** Opening Data provided block **
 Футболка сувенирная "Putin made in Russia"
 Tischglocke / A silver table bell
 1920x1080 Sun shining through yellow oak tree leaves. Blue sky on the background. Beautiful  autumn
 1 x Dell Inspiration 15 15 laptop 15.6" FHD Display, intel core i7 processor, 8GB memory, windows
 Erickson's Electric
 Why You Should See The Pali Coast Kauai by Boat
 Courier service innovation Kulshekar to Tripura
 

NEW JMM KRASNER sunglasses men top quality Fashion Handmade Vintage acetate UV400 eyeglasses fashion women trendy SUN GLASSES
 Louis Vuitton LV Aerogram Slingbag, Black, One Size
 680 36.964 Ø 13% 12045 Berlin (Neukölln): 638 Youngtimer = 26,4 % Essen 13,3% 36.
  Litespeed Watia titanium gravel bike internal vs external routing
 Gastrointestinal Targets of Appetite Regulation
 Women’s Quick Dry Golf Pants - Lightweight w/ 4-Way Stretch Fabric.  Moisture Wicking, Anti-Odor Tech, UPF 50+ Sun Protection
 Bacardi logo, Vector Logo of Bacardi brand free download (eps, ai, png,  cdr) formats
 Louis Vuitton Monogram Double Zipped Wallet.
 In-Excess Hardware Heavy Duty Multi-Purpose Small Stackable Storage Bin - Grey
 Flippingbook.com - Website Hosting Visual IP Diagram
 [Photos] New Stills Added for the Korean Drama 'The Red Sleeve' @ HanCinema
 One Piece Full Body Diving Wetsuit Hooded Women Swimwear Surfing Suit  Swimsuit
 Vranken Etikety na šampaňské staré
** Closing Data provided block **
## Work to complete
Restate word for word each line of the data from the one with "Women’s Quick Dry" to the last, keeping both ends.

## Result
 Women’s Quick Dry Golf Pants - Lightweight w/ 4-Way Stretch Fabric.  Moisture Wicking, Anti-Odor Tech, UPF 50+ Sun Protection
 Bacardi logo, Vector Logo of Bacardi brand free download (eps, ai, png,  cdr) formats
 Louis Vuitton Monogram Double Zipped Wallet.
 In-Excess Hardware Heavy Duty Multi-Purpose Small Stackable Storage Bin - Grey
 Flippingbook.com - Website Hosting Visual IP Diagram
 [Photos] New Stills Added for the Korean Drama 'The Red Sleeve' @ HanCinema
 One Piece Full Body Diving Wetsuit Hooded Women Swimwear Surfing Suit  Swimsuit
 Vranken Etikety na šampaňské staré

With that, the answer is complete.